Set For Death is “our daily musical reminder of death to remember to live”, according to The Death Set’s own Johnny Siera. And if you haven’t already clocked this song’s ace Aurelien Offner-directed film clip – which features re-enactments of 25 movie deaths in just 2.20 minutes (alongside footage of the duo dressed in dog suits in a dog park) – what the bloody hell are you waiting for?
Described by the band as a “warehouse party starter”, Elephant – with its apathetic, shrugging “Oh well…” choruses – is a stacks-on song with industrial percussion and evocative lyricism: “I’ve got a catwalk full of dachshunds/And a skatepark full of implants.” And then there’s bonafide frustration anthems such as Oh My God: “Why does this have to be so difficult?/Oh my Goooooooooood!”
How To Tune A Parrot is a pummelling barrage of noise, bratty vocals and mostly indecipherable lyrics, but frequent fliers will be exponentially rewarded with every listen.
Elsewhere, the relentless barrage of Best-Kept Mess descends into outright cacophony and Nowhere Is Here is about as melodic as The Death Set get: a temporary reprieve from the whirling dervish, it’s a stadium-ready chant-along.
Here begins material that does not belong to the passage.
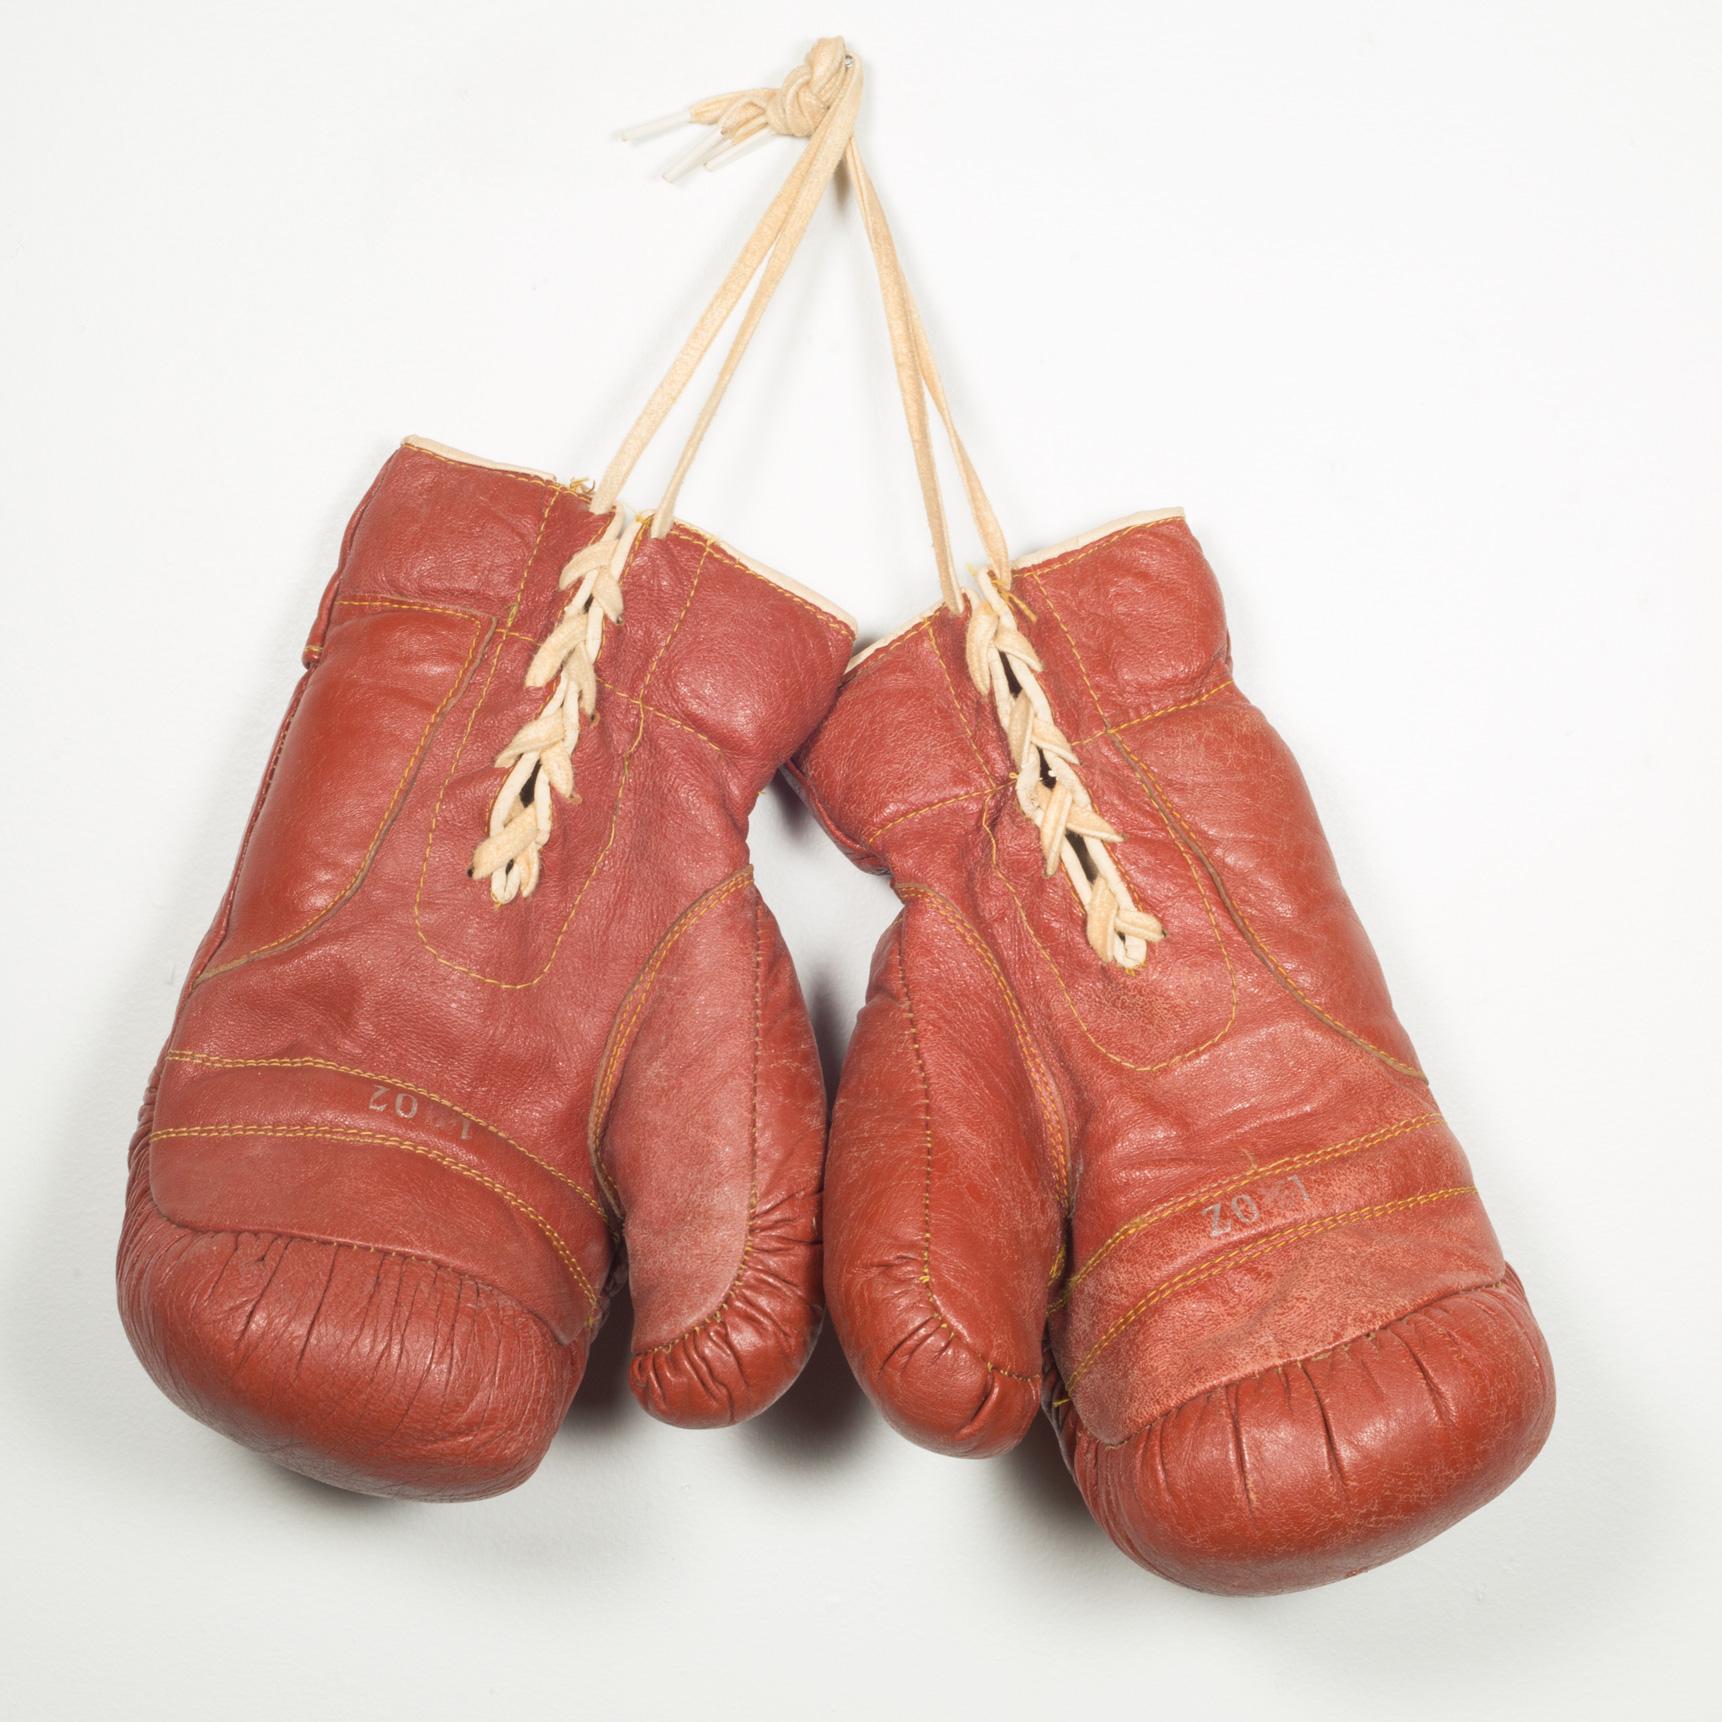 Industrial Vintage Leather Markwort Boxing Gloves c.1950 (FREE SHIPPING)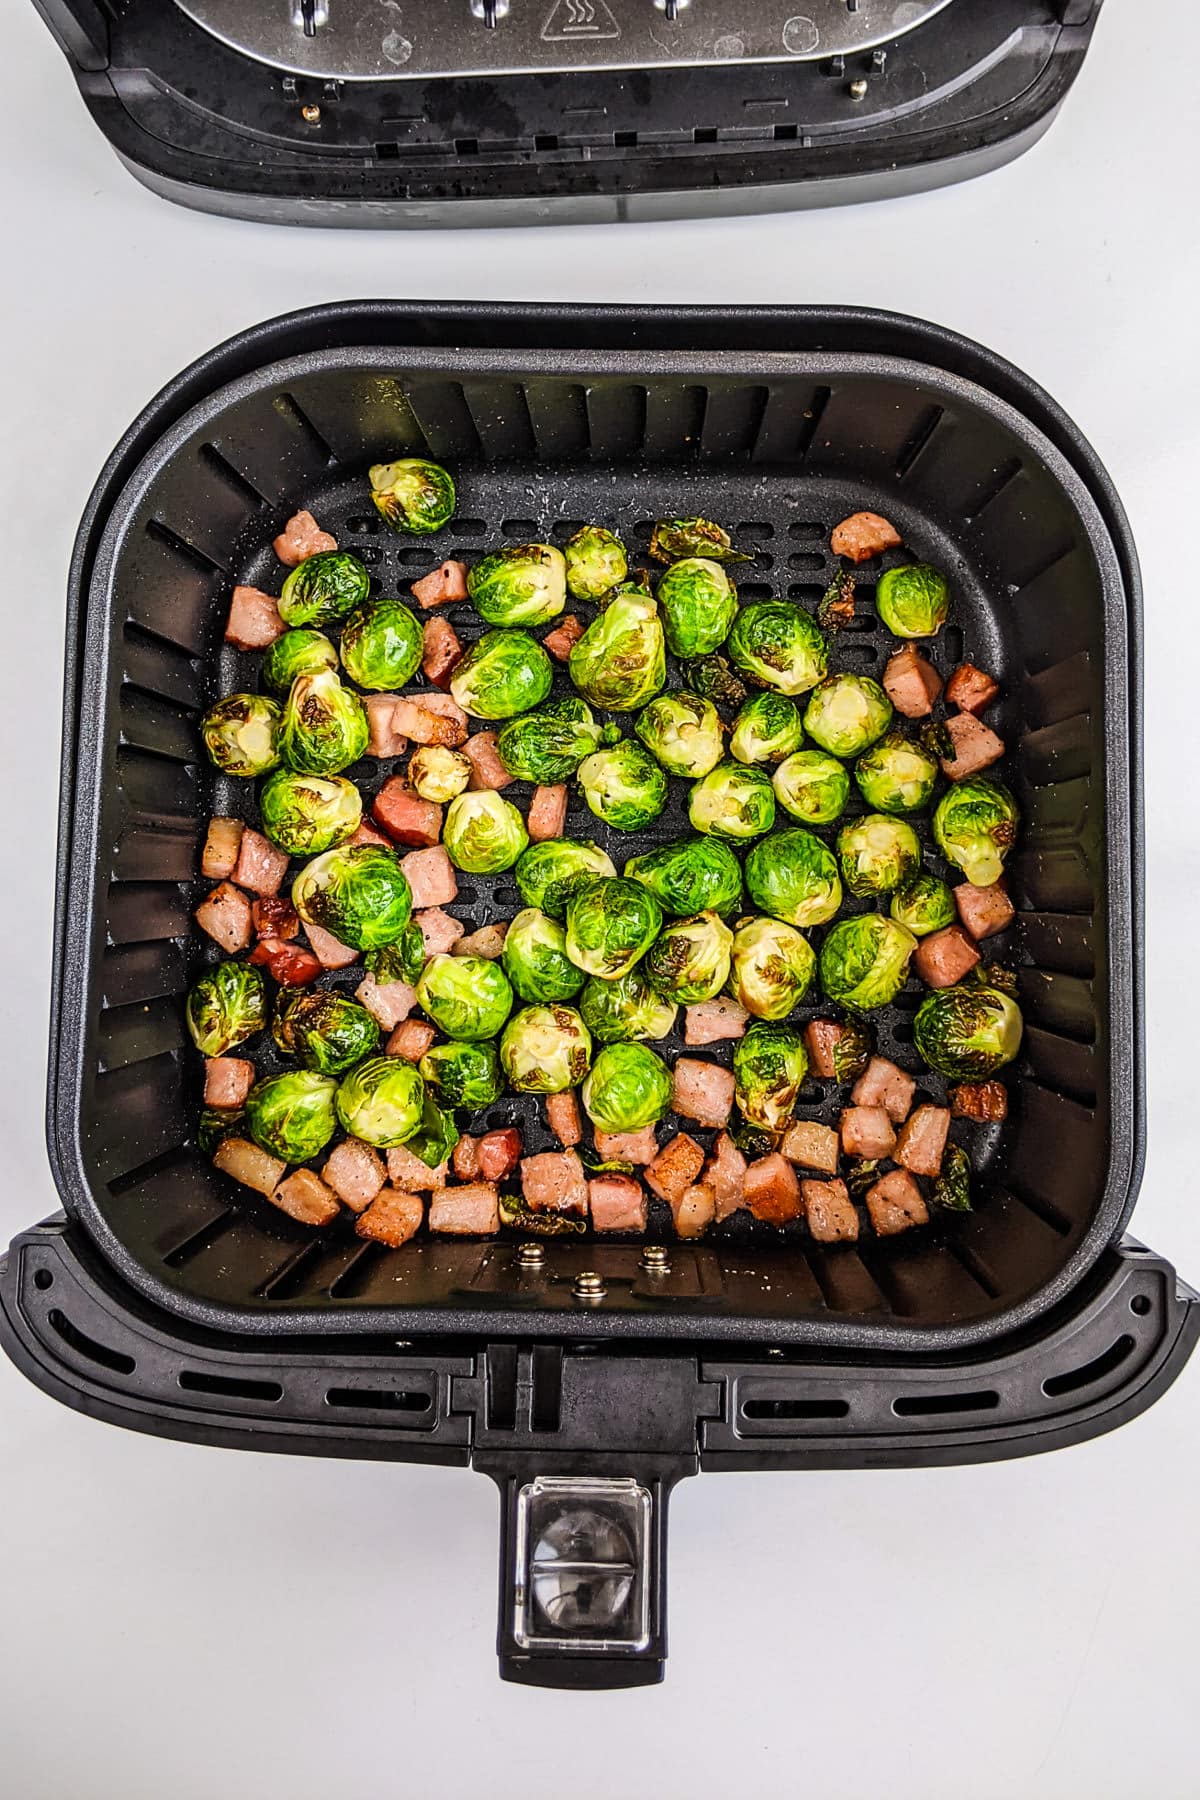 Top view of air fryer basket with brussels sprouts with bacon.

Then maximum mayhem arrives with Mad World (feat. Ho99o9), all primal-scream choruses, airhorn blasts and eardrum-shattering synth squeals.
The swaggering penultimate track Remind Me Who’s Suffering features quirky, syncopated percussion and creeping bass – it’s a mood! – before triumphant, clap-happy closer The Enemy Is My Best Friend seals the deal. Upon first listen, How To Tune A Parrot is a pummelling barrage of noise, bratty vocals and mostly indecipherable lyrics, but frequent fliers will be exponentially rewarded with every listen. This collection of 13 short, stabby tracks – all of which clock in under three minutes – will make you physically ache for the mosh.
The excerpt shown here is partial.